Did you notice the bug in my current release before or after asking that question? :)
Ehh, no. Being on Linux.... It was just a curious question.
In FreeImage, the Rescale function is:
FIBITMAP* FreeImage_Rescale(FIBITMAP *src, int dst_width, int dst_height, FREE_IMAGE_FILTER filter)
In your code, you're calling it without the last parameter, which defaults to FILTER_CATMULLROM. The available filters are:
FI_ENUM(FREE_IMAGE_FILTER) {
FILTER_BOX = 0, // Box, pulse, Fourier window, 1st order (constant) b-spline
FILTER_BICUBIC = 1, // Mitchell & Netravali's two-param cubic filter
FILTER_BILINEAR = 2, // Bilinear filter
FILTER_BSPLINE = 3, // 4th order (cubic) b-spline
FILTER_CATMULLROM = 4, // Catmull-Rom spline, Overhauser spline
FILTER_LANCZOS3 = 5 // Lanczos3 filter
};
It seems the further down the list you go, the better the quality is supposed to be. It actually depends on a number of factors though, both about the source image, and the scale factor. In particular, if you scale down by more than 1/2, some algorithms can skip over source data entirely, which may be undesirable. Also, some of them may use surrounding pixels in the formula, which may not be desirable due to the tile nature of the source image. You could end up with pixels from an adjacent tile bleeding into a scaled down tile. For these reasons, I think the first option might actually be the most desirable for our application, as it should have a hard cutoff at tile boundaries, and not discard data when scaling significantly, but rather average all the data into the output. Further, the further down the list you go, the more the computational requirements tend to increase. Hence, for both speed and quality, it might might sense to try the first option. I suspect there will be no noticeable difference in either speed or quality, partly for the reasons you've stated, though I thought I'd ask if you've tried already.

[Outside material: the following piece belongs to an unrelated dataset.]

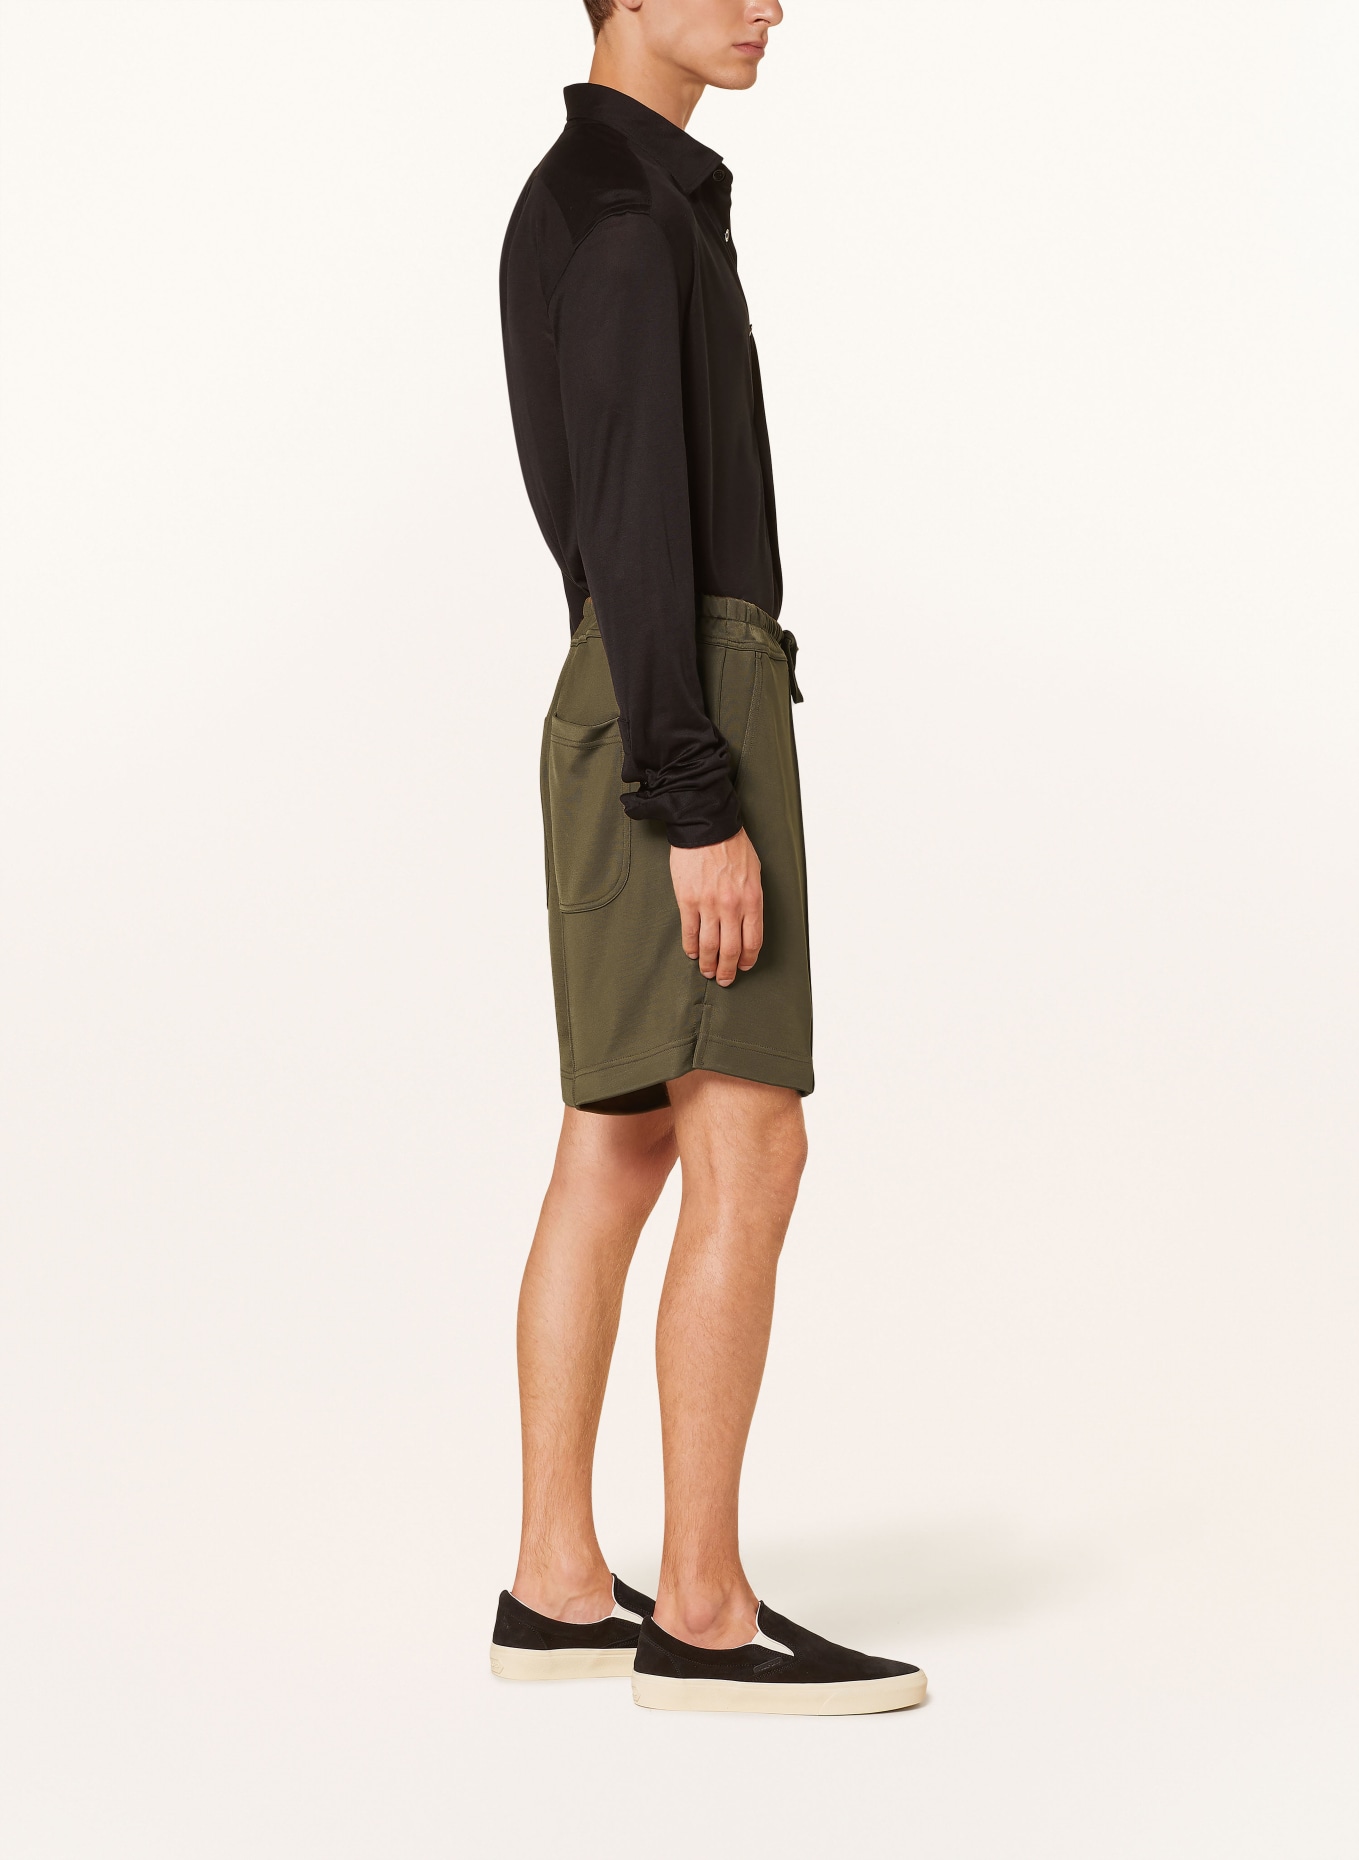 TOM FORD Shorts in jogger style, Color: KHAKI (Image 4)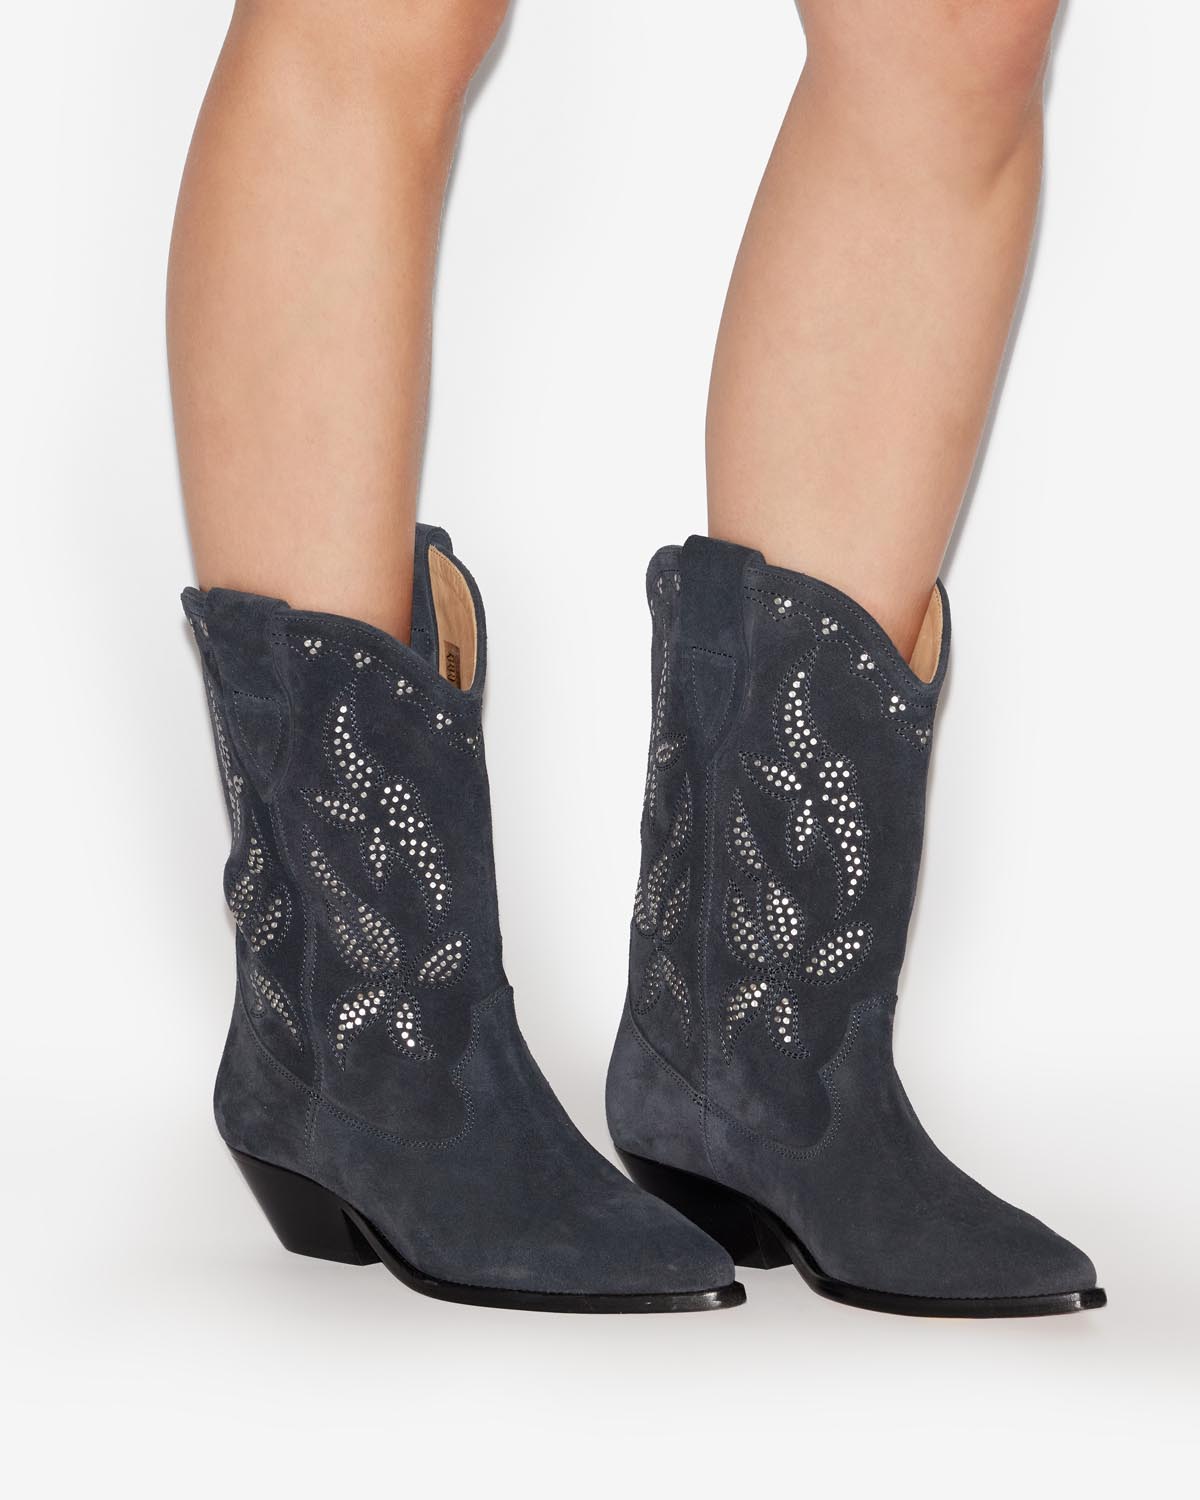 Boots duerto Woman Faded black-silver 3

We could speed up rendering large batches of low pixels per tile by caching different scales of the tiles so they didn't have to rescale each time another render is taken.
Yes, I was thinking of that. I was actually looking at the code wondering if you might have already done it.
This has some side effects though if you are going to render say both stock tileset maps and Greenworld tileset maps in the same session, since they use the same name for wells.
I had also thought of this too. If you include the VOL file as part of the path, as if it were a folder, it might solve the name issue. Given enough tilesets, it could create a memory issue, though I doubt that will ever become a problem. Could just have the user convert images in smaller batches, or have the rendering discard old cached items if the current map uses a different tileset.
Thanks for the timing info. It seems the large maps take a fairly significant portion of the time. Does that also hold for large 32x32 renders? I suspect there is a fair bit of overhead for each tile draw, beyond just copying the pixels. That may lower efficiency as tile sizes drop.